As of the 2010 census, there were 11,394 people, 2,428 households, and 1,520 families living in the city. The population density was 2129.7 PD/sqmi. There were 2,775 housing units at an average density of 518.7 /sqmi. The racial makeup of the city was 70.9% White, 25.0% African American, 0.7% Native American, 0.4% Asian, 1.6% from other races, and 1.4% from two or more races. Hispanic or Latino of any race were 7.7% of the population.

There were 2,428 households, of which 37.5% had children under the age of 18 living with them, 38.9% were married couples living together, 17.8% had a female householder with no husband present, 5.9% had a male householder with no wife present, and 37.4% were non-families. 30.6% of all households were made up of individuals, and 10.5% had someone living alone who was 65 years of age or older. The average household size was 2.53 and the average family size was 3.12.

The median age in the city was 32.3 years. 15.7% of residents were under the age of 18; 16.7% were between the ages of 18 and 24; 39.4% were from 25 to 44; 21.8% were from 45 to 64; and 6.4% were 65 years of age or older. The gender makeup of the city was 71.1% male and 28.9% female.

5,230 of Ionia's 11,394 residents (45.9%) are institutionalized in the state's various correctional facilities in the city.

===2000 census===
As of the 2000 census, there were 10,569 people, 2,421 households, and 1,534 families living in the city.
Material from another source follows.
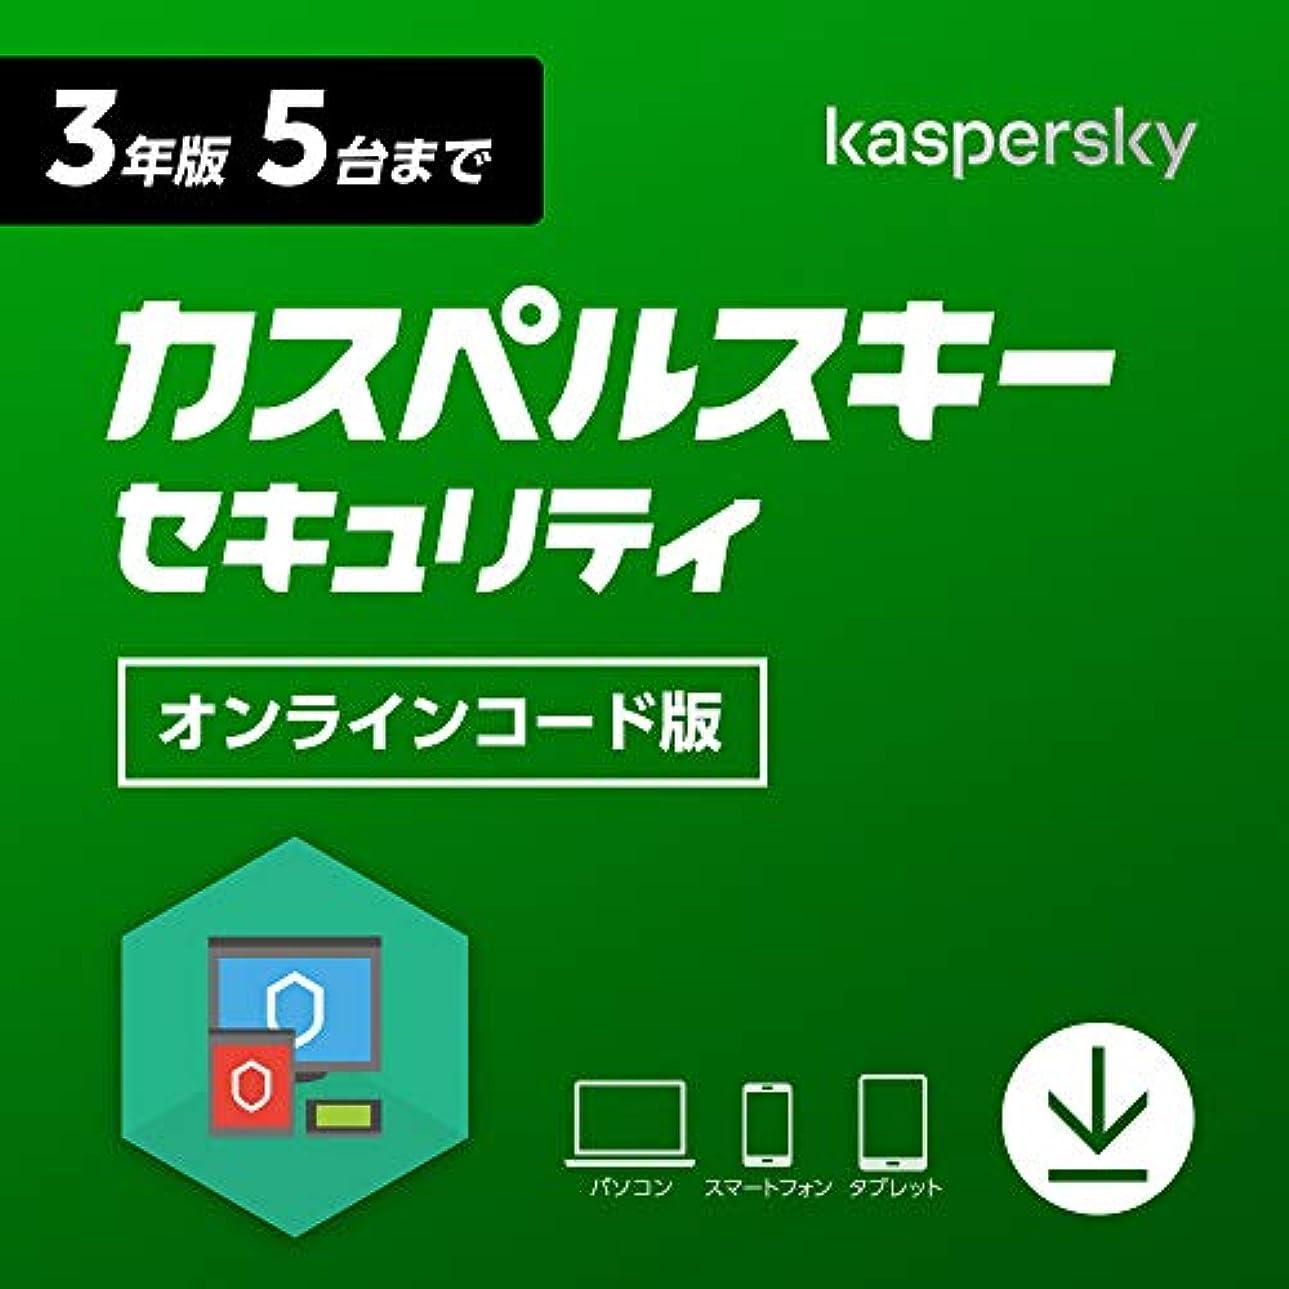 スペクトラム囚人スティックカスペルスキー セキュリティ (最新版) | 3年 5台版 | オンラインコード版 | Windows/Mac/Android対応

The population density was 2,095.9 PD/sqmi. There were 2,621 housing units at an average density of 519.8 /sqmi. The racial makeup of the city was 71.08% White, 21.94% African American, 1.05% Native American, 0.65% Asian, 2.13% from other races, and 3.15% from two or more races. Hispanic or Latino of any race were 5.08% of the population.

There were 2,421 households, out of which 37.2% had children under the age of 18 living with them, 43.6% were married couples living together, 15.0% had a female householder with no husband present, and 36.6% were non-families. 30.7% of all households were made up of individuals, and 11.5% had someone living alone who was 65 years of age or older. The average household size was 2.53 and the average family size was 3.16.

In the city, the population was spread out, with 18.5% under the age of 18, 26.8% from 18 to 24, 34.1% from 25 to 44, 13.5% from 45 to 64, and 7.2% who were 65 years of age or older. The median age was 26 years. For every 100 females, there were 213.8 males. For every 100 females age 18 and over, there were 260.8 males.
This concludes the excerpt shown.